Re: [PATCH v6 1/4] rcu: Make call_rcu() lazy to save power

From: Frederic Weisbecker
Date: Sat Sep 24 2022 - 18:53:05 EST


On Thu, Sep 22, 2022 at 10:01:01PM +0000, Joel Fernandes (Google) wrote:
> @@ -3902,7 +3939,11 @@ static void rcu_barrier_entrain(struct rcu_data *rdp)
> rdp->barrier_head.func = rcu_barrier_callback;
> debug_rcu_head_queue(&rdp->barrier_head);
> rcu_nocb_lock(rdp);
> - WARN_ON_ONCE(!rcu_nocb_flush_bypass(rdp, NULL, jiffies));
> + /*
> + * Flush the bypass list, but also wake up the GP thread as otherwise
> + * bypass/lazy CBs maynot be noticed, and can cause real long delays!
> + */
> + WARN_ON_ONCE(!rcu_nocb_flush_bypass(rdp, NULL, jiffies, FLUSH_BP_WAKE));

This fixes an issue that goes beyond lazy implementation. It should be done
in a separate patch, handling rcu_segcblist_entrain() as well, with "Fixes: " tag.

And then FLUSH_BP_WAKE is probably not needed anymore.

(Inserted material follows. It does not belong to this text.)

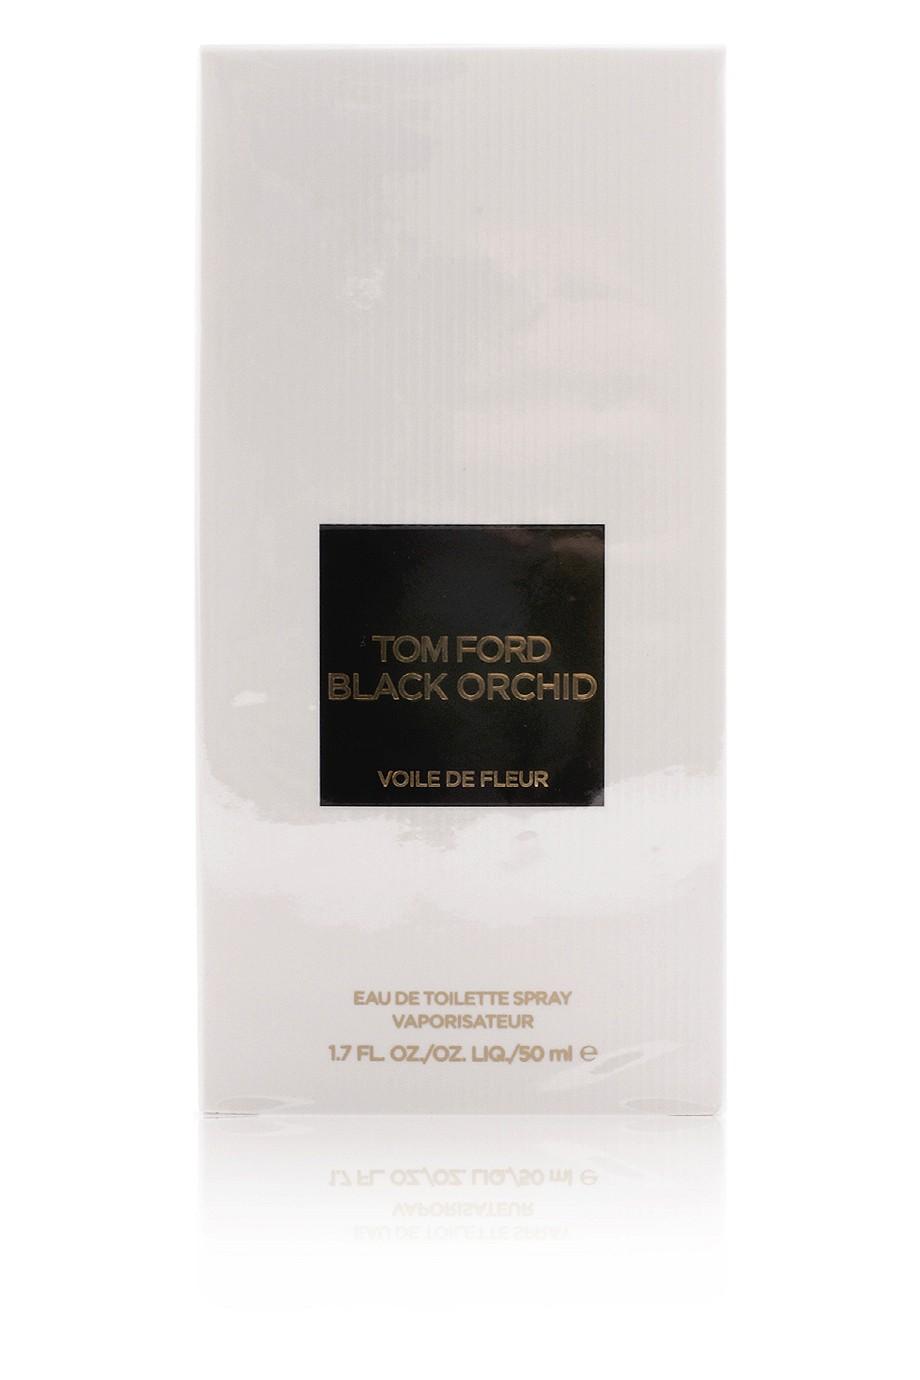 Tom Ford Black Orchid Voile De Fleur аромат для женщин

> if (rcu_segcblist_entrain(&rdp->cblist, &rdp->barrier_head)) {
> atomic_inc(&rcu_state.barrier_cpu_count);
> } else {
> @@ -269,10 +294,14 @@ static void wake_nocb_gp_defer(struct rcu_data *rdp, int waketype,
> raw_spin_lock_irqsave(&rdp_gp->nocb_gp_lock, flags);
>
> /*
> - * Bypass wakeup overrides previous deferments. In case
> - * of callback storm, no need to wake up too early.
> + * Bypass wakeup overrides previous deferments. In case of
> + * callback storm, no need to wake up too early.
> */
> - if (waketype == RCU_NOCB_WAKE_BYPASS) {
> + if (waketype == RCU_NOCB_WAKE_LAZY
> + && READ_ONCE(rdp->nocb_defer_wakeup) == RCU_NOCB_WAKE_NOT) {

This can be a plain READ since ->nocb_defer_wakeup is only written under ->nocb_gp_lock.

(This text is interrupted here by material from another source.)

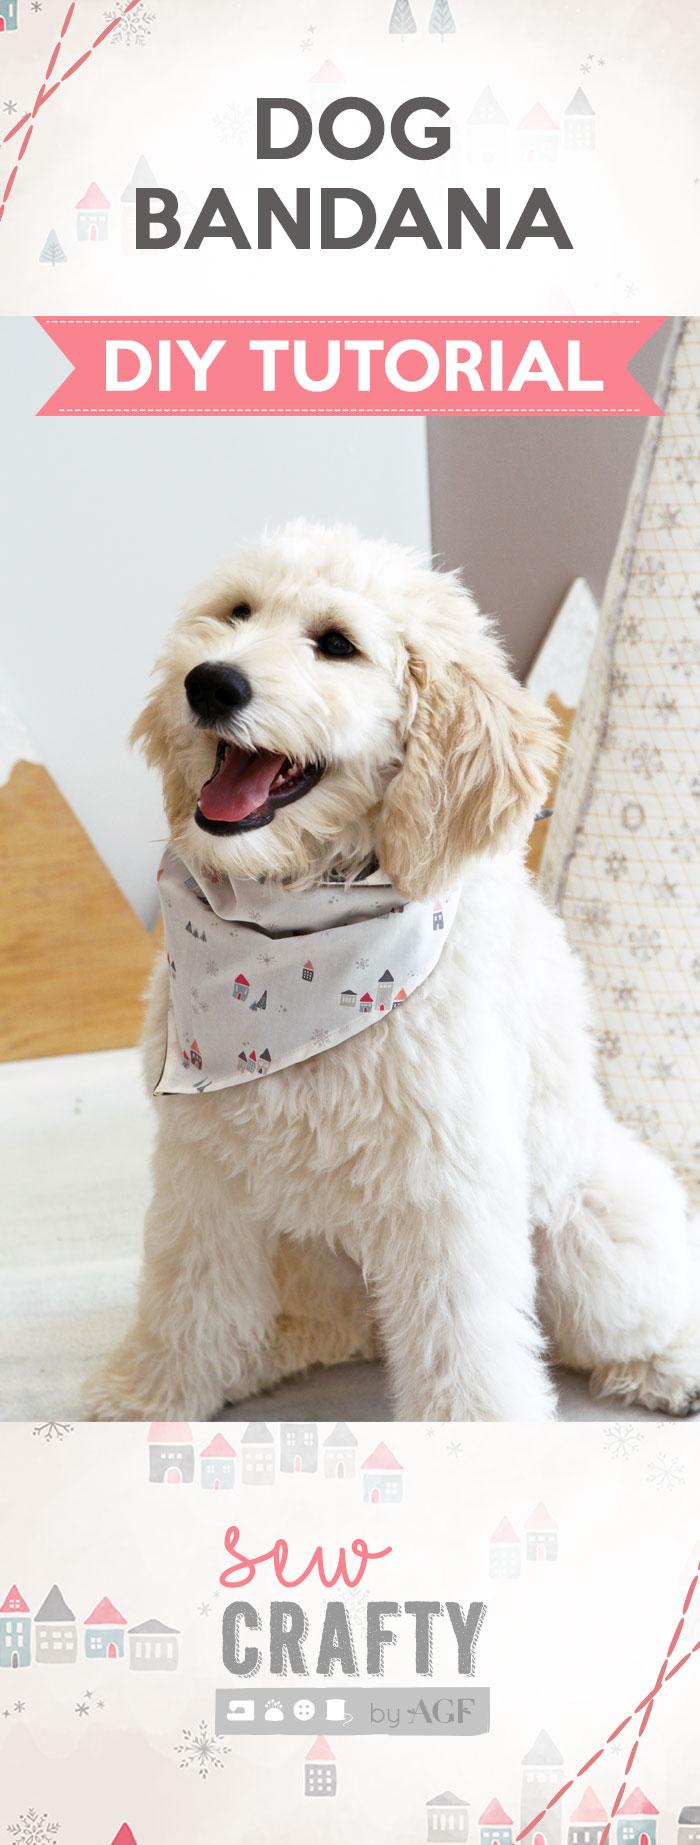 Dog Bandana Diy How To Make A Cute Dog Scarf Sew Crafty

> + mod_timer(&rdp_gp->nocb_timer, jiffies + jiffies_till_flush);
> + WRITE_ONCE(rdp_gp->nocb_defer_wakeup, waketype);
> + } else if (waketype == RCU_NOCB_WAKE_BYPASS) {
> mod_timer(&rdp_gp->nocb_timer, jiffies + 2);
> WRITE_ONCE(rdp_gp->nocb_defer_wakeup, waketype);
> } else {
> @@ -512,9 +598,16 @@ static void __call_rcu_nocb_wake(struct rcu_data *rdp, bool was_alldone,
> }
> // Need to actually to a wakeup.
> len = rcu_segcblist_n_cbs(&rdp->cblist);
> + bypass_len = rcu_cblist_n_cbs(&rdp->nocb_bypass);
> + lazy_len = READ_ONCE(rdp->lazy_len);
> if (was_alldone) {
> rdp->qlen_last_fqs_check = len;
> - if (!irqs_disabled_flags(flags)) {
> + // Only lazy CBs in bypass list
> + if (lazy_len && bypass_len == lazy_len) {
> + rcu_nocb_unlock_irqrestore(rdp, flags);
> + wake_nocb_gp_defer(rdp, RCU_NOCB_WAKE_LAZY,
> + TPS("WakeLazy"));

I'm trying to think of a case where rcu_nocb_try_bypass() returns false
(queue to regular list) but then call_rcu() -> __call_rcu_nocb_wake() ends up
seeing a lazy bypass queue even though we are queueing a non-lazy callback
(should have flushed in this case).

Looks like it shouldn't happen, even with concurrent (de-offloading) but just
in case, can we add:

WARN_ON_ONCE(lazy_len != len)

> + } else if (!irqs_disabled_flags(flags)) {
> /* ... if queue was empty ... */
> rcu_nocb_unlock_irqrestore(rdp, flags);
> wake_nocb_gp(rdp, false);

Thanks.